The dinner, whether in compliment to me, or that things have now all taken this turn in France, was in substance so completely English, and served up in a manner so English, as almost to call forth an exclamation of surprise. When we enter a new country, we so fully expect to find every thing new, as to be surprised at almost any necessary coincidence. This characteristic difference is very rapidly wearing off in every kingdom in Europe. A couple of fowls, a rice-pudding, and a small chine, composed our dinner. It was served in a pretty kind of china, and with silver forks. The cloth was removed as in England, and the table covered with dried fruits, confectionary, and coffee; a tall silver epergne supporting small bottles of capillaire, and sweetmeats in cut glass. The fruits were in plates very tastily painted in landscape by Mademoiselle; and at the top and bottom of the table was a silver image of Vertumnus and Pomona, of the same height with the epergne in the centre. The covering of the table was a fine deep green cloth, spotted with the simple flower called the double daisy.

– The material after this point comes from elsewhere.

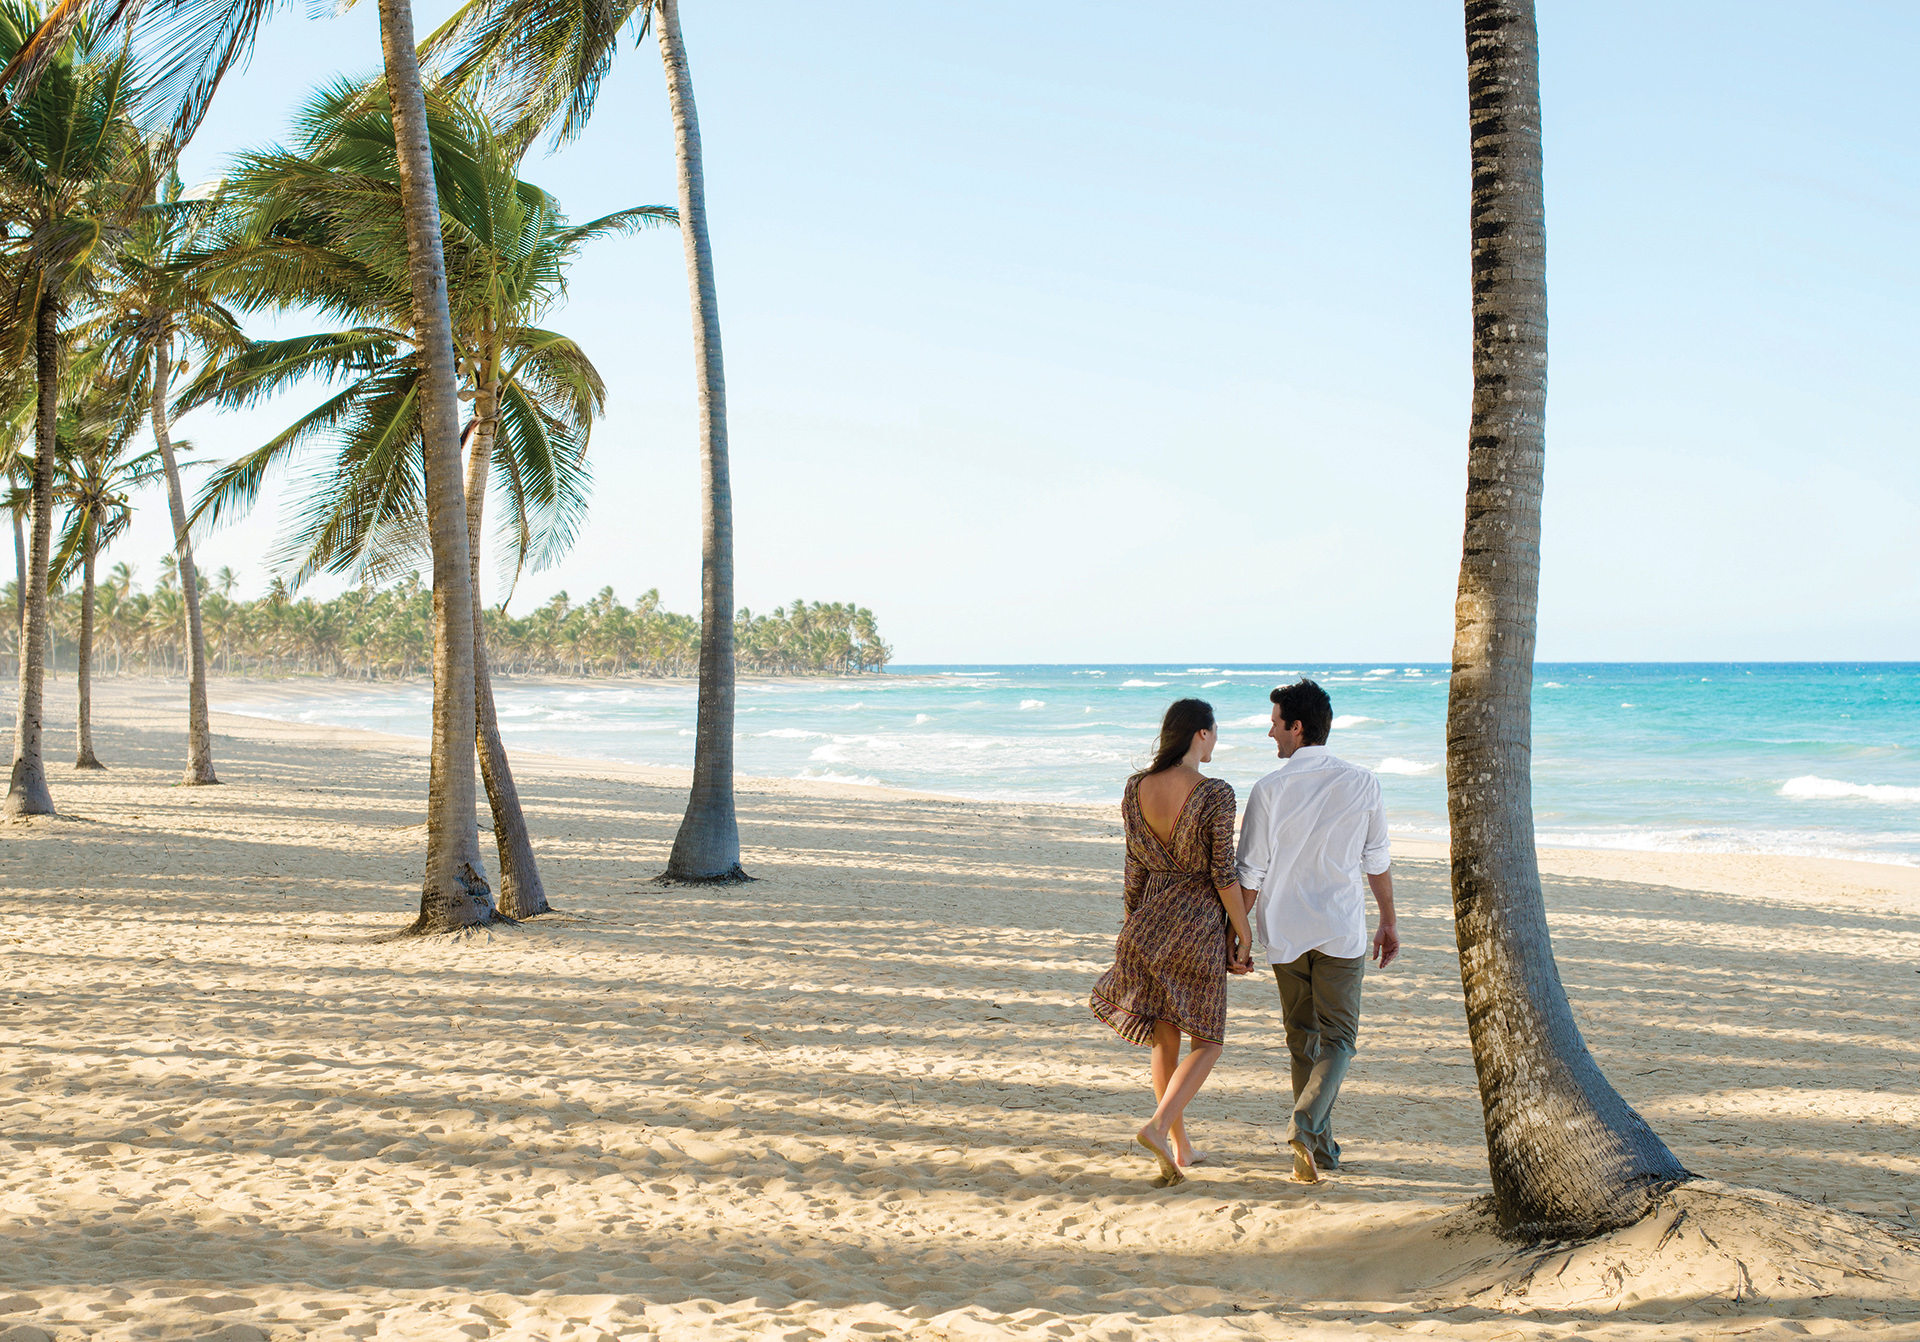 How to Find The Best Beaches in Punta Cana For a Relaxing Adults Escape

I am the more particular in this description, as the dinner was thus served, and the table thus appointed, without any apparent preparation, as if it was all in their due and daily course. Indeed, I have had occasion frequently to observe, that the French ladies infinitely excel those of every other nation in these minor elegancies; in a cheap and tasteful simplicity, and in giving a value to indifferent things by a manner peculiar to themselves. Mademoiselle left us after the first cup of coffee, saying, that she had heard that it was a custom in England, that gentlemen should have their own conversation after dinner. I endeavoured to turn off a compliment in the French style upon this observation, but felt extremely awkward, upon foundering in the middle of it, for want of more familiar acquaintance with the language. Monsieur, her brother, perceived my embarrassment, and becoming my interpreter, helped me out of it with much good-humour, and with some dexterity. I resolved, however, another time, never to tilt with a French lady in compliment.